5.2.2. Polynomial Fitting Parameters

Polynomial fitting is a core steps in subsequent filtering processing, and its fitting performance is primarily determined by the window size n and polynomial order m. To analyze parameter sensitivity and determine the optimal configuration, comparative experiments were conducted using Data 1 as the sample dataset. The filtering results under various combinations of n and m are listed in

Table 5. Performance comparison under different parameter combinations.

m	n	TP	FN	FP	TN	R/%	P/%	F1	OA/%	Time/s
3	13	8068	48	201	165,149	99.41	99.88	0.985	99.86	5.574
	17	8072	44	218	165,132	99.46	99.87	0.984	99.85	5.751
	21	8073	43	267	165,083	99.47	99.84	0.981	99.82	6.004
5	13	8068	48	201	165,149	99.41	99.88	0.985	99.86	6.582
	17	8072	44	218	165,132	99.46	99.87	0.984	99.85	7.073
	21	8073	43	267	165,083	99.47	99.84	0.981	99.82	7.381
7	13	8068	48	201	165,149	99.41	99.88	0.985	99.86	8.099
	17	8072	44	218	165,132	99.46	99.87	0.984	99.85	8.533
	21	8073	43	267	165,083	99.47	99.84	0.981	99.82	8.937

.

As shown in Table 5, all accuracy metrics achieve satisfactory performance across the different parameter combinations. Within a reasonable range, these metrics show minimal variation as n and m change. Specifically, when m is fixed, increasing n from 13 to 21 results in a marginal improvement in recall, but a gradual decline in other accuracy metrics, accompanied by a moderate rise in computational time. When n is fixed, varying m from 3 to 7 produces no notable changes in any of the metrics, with only the computational time rising.

Balancing the filtering accuracy and computational efficiency, we selected n = 17 and m = 5 as the default optimal parameters for the algorithm. Under these parameters, the filtering precision reached 99.87%, and the F1-score was as high as 0.984. This setting not only maintains a high filtering performance and avoids the computational redundancy associated with high polynomial orders and excessively large windows, but also accommodates locally complex terrain and effectively prevents underfitting. Furthermore, combined with the fitting results from Section 5.1—where scanlines over varied terrains were processed using identical parameters—it can be concluded that the proposed method exhibits low parameter sensitivity during the fitting stage. When processing terrain with varying complexity, there is no need for repeated parameter adjustments, demonstrating excellent applicability and robustness.

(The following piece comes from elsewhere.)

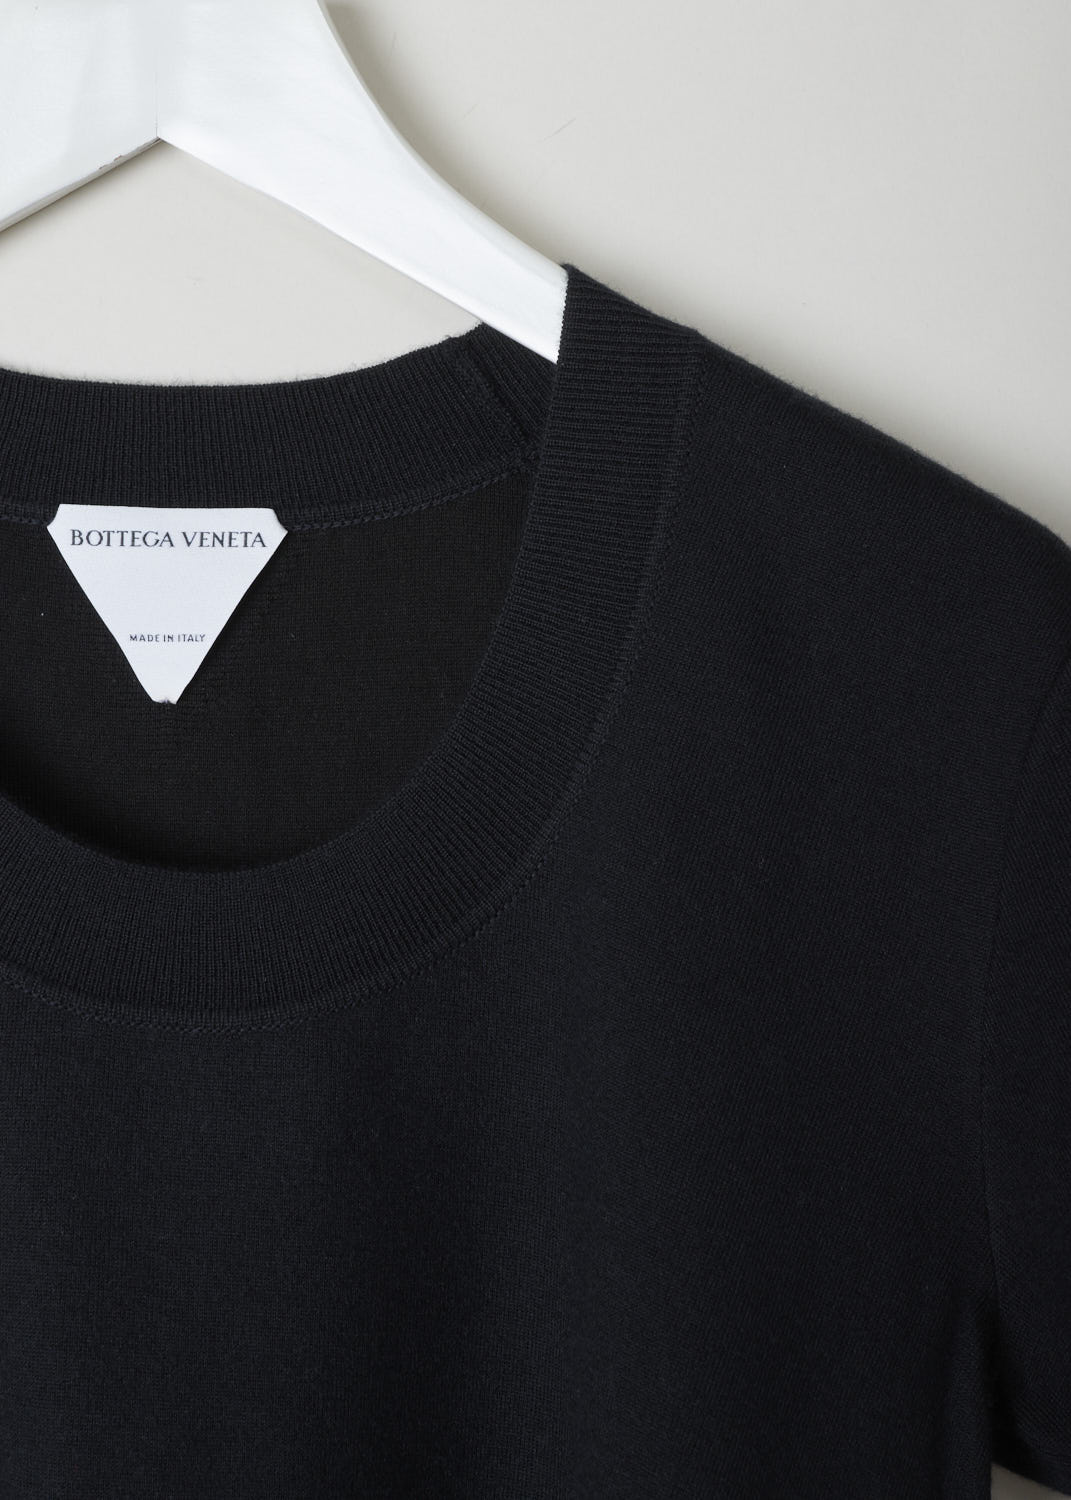 BOTTEGA VENETA, BLACK CASHMERE TOP, 647549_V0A50_1000, Black, Detail, Black, short sleeved top. This cashmere top has a rounded collar with a ribbed finish. That same finish can be found along the cuffs and the hem. In the back of the neck, the signature Bottega Veneta triangle can be found.

5.3. Influence of Flight Parameters and Water Conditions

The density and quality of the UAV-ALB point clouds are mainly governed by flight parameters and water conditions, which directly affect filtering performance.

A lower flight altitude and higher flight speed lead to a higher point cloud density, improving the fitting accuracy and terrain detail preservation. Nevertheless, excessive data redundancy will reduce the computational efficiency. Conversely, a higher altitude and lower speed lead to sparse point clouds, degrading the fitting reliability and filtering effect.

The water conditions are a critical factor. Turbid water intensifies laser absorption and scattering, reduces the terrain points density, and generates substantial complex noise, thereby increasing the filtering difficulty. Additionally, increasing the water depth limits the number of acquired point clouds and may cause local data gaps, impairing the filtering accuracy. By contrast, nearshore and clear water provide uniformly distributed point clouds with distinct noise characteristics, allowing the proposed algorithm to maintain high accuracy and stability.

5.4. Limitations

Compared with multi-beam and single-beam measurement systems, UAV-ALB systems can achieve a very high measurement efficiency in shallow-water areas (water depth within 10 m). However, the terrain in such shallow-water areas is complex, and a single filtering method can result in the loss of a large number of terrain feature points. Therefore, the filtering process requires a comprehensive consideration of both terrain complexity and detail preservation. Although the proposed algorithm performs well in most scenarios, it still exhibits certain limitations in specific local areas, such as abrupt terrain areas, areas with non-terrain objects, and areas with high-density noise. These cases are discussed in detail below.

5.4.1. Abrupt Terrain Areas

In areas with abrupt terrain changes, the algorithm is prone to misclassifying abrupt points during filtering, leading to the loss of a small number of terrain point clouds and residual near-terrain noise, as shown in Figure 17. The more drastic the terrain change, the more easily point clouds are lost, potentially resulting in missing local terrain features during DEM construction and a loss of the computational efficiency. Conversely, if the underwater terrain changes are gradual, the algorithm performs better and is faster.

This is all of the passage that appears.